When I managed to mention the fact that Trump failed to condemn White supremacy in last night’s debate, the guy mentioned that he hadn’t been keeping up with politics and the news in general for the past several days. So the question is, how qualified is this man to even argue for his own side, let alone consider the opposing side?

Overall, it’s hard for me to say that Trump voters and/or supporters have to be bad people. Of course, there are Trump supporters– many, many Trump supporters– who are bad, horrible people (White supremacists and neo-Nazis, for one). But I’ve met people who are good, and seem to struggle with cognitive dissonance when it comes to Trump. For instance, many people who value human life and consider themselves pro-life vote for Trump in order to fulfill their moral consciousness of preventing what they perceive to be the murder of unborn children; but these same people are turning blind eyes to what’s happening in concentration camps under Trump’s administration. To what extent is this ignorance willful and to what extent is it not? Or it is completely willful?

As humans, no one is fully good and bad, but of course there are certain actions and characteristics that make a person a horrible person who deserves to go to Hell no matter what “good” things they may have done. No amount of good can ever compensate for any accomplishments of bigots and fascists who have innocent blood on their hands and are responsible for violence and discrimination that others face because of them. For instance, Aung San Suu Kyi is a horrible human being despite being previously awarded the Noble Peace Prize; she’s responsible for the Rohingya genocide and there is absolutely nothing, no amount of good deeds, that can outweigh her sins for the lives that she’s had taken and the people she’s had tortured.

I think that when it comes to people voting for Trump or thinking of voting for Trump, it comes down to a mix of understanding and knowledge and what someone consciously decides to do with the knowledge– do they choose to ignore it, or acknowledge, accept and justify it, or acknowledge and fight it when that knowledge is revealing of injustice, bigotry and fascism?

It comes down to people choosing to be good people. Does the wrong bother them enough, go against their morals and values enough (or at all)? Does the wrong make them uncomfortable, or does it make them complacent or even happy? If it doesn’t make them uncomfortable and concerned, then that is extremely telling of someone’s character.

The question is, for those who continue voting for Trump despite the discomfort– how could they?

Perhaps it’s because the discomfort of change (in political views and affiliations) and personal discomfort is more bothersome to them than is the promotion of racism, bigotry and fascism. Perhaps it’s because they genuinely don’t realize the damage being done, the extent of the danger affecting marginalized and targeted groups who are enthusiastically degraded and discriminated against; perhaps those who are proud conservative Republicans genuinely don’t realize the dangers of Trump and are voting with good intentions, but how good are those intentions when they are choosing to ignore the very real dangers? Perhaps it’s the desperation to be part of the inner circle and feel the bond and belonging that only Trump supporters feel with each other, the nationalism disguised as patriotism, is an effective motivator and reinforcer.

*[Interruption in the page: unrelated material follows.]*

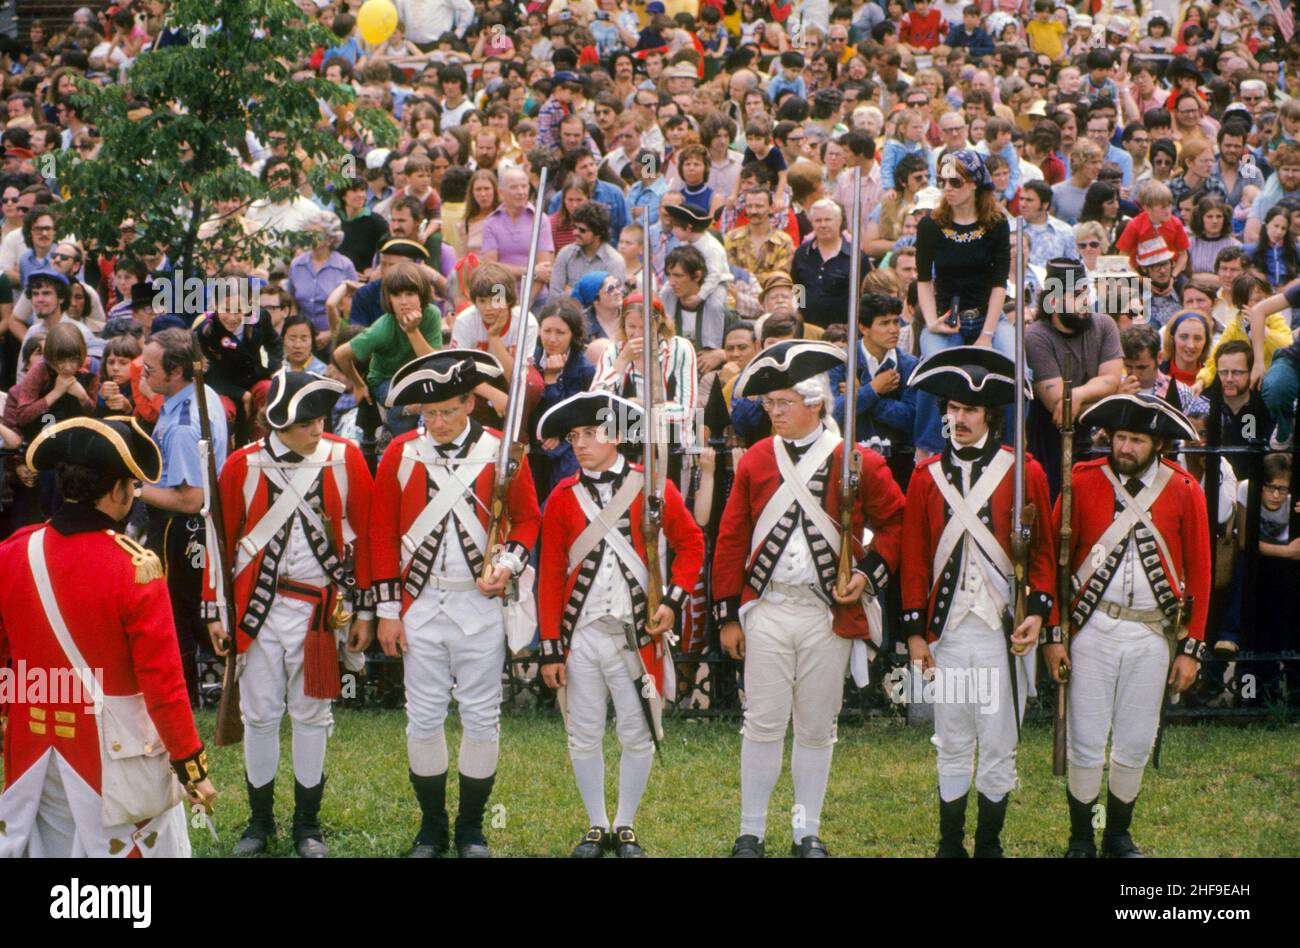 Gli attori volontari in uniforme sono in scena una rievocazione della battaglia della Rivoluzione americana di Bunker Hill nella sede originale a Charlestown, ma. Foto Stock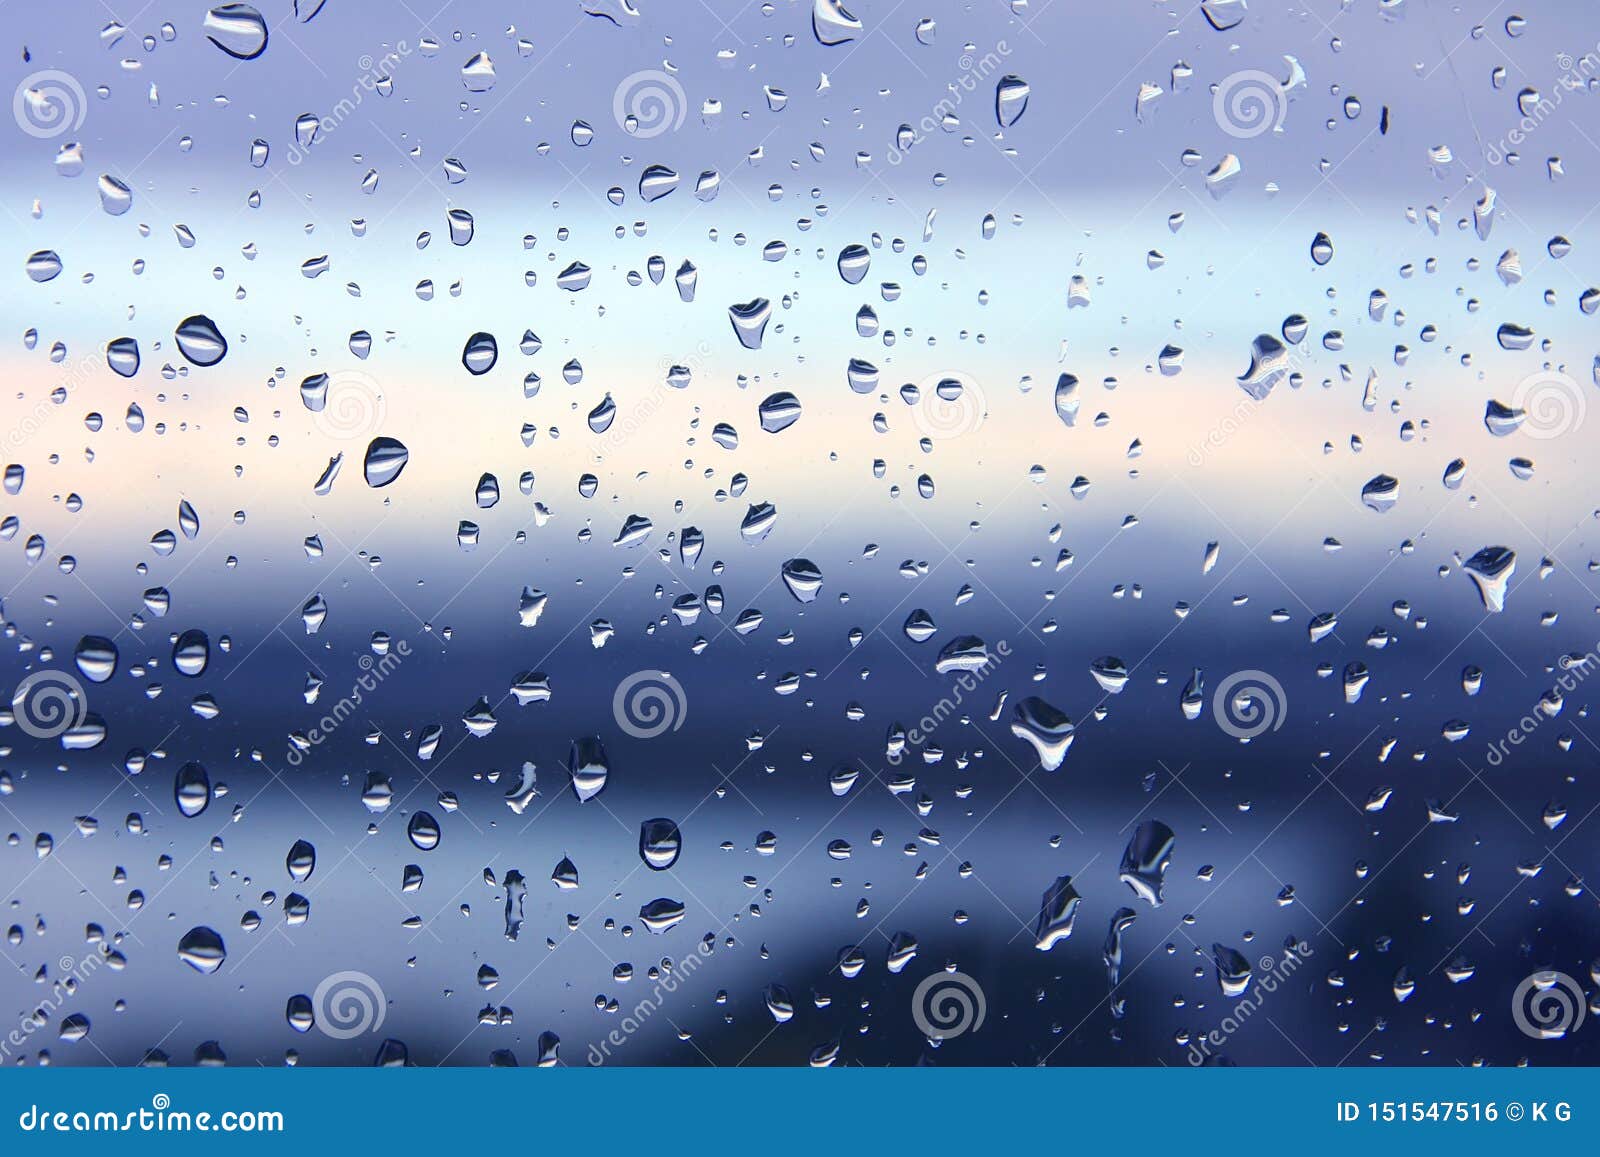 雨后窗玻璃滴水 背景日落明显模糊田园诗般的宁静自然壁纸天气库存照片 图片包括有宏指令 橙色

Perhaps it’s several other reasons and excuses.

As for this Starbucks dude, I think that he wants to be a good person– he tried convincing us as such through his twenty minute lecture. But the thing is, is he more concerned with being a good person truly, or with others accepting him as one?

This question can be related to Trump himself, and politicians in general, too– are they really concerned about character or performance for the sake of power?

And an overall question to consider relevant across the Republican and Democratic spectrum is this: is bigotry a deal breaker or not, and what does that say about someone?

What else is at stake? And how does cognitive dissonance come into play, and what does that say?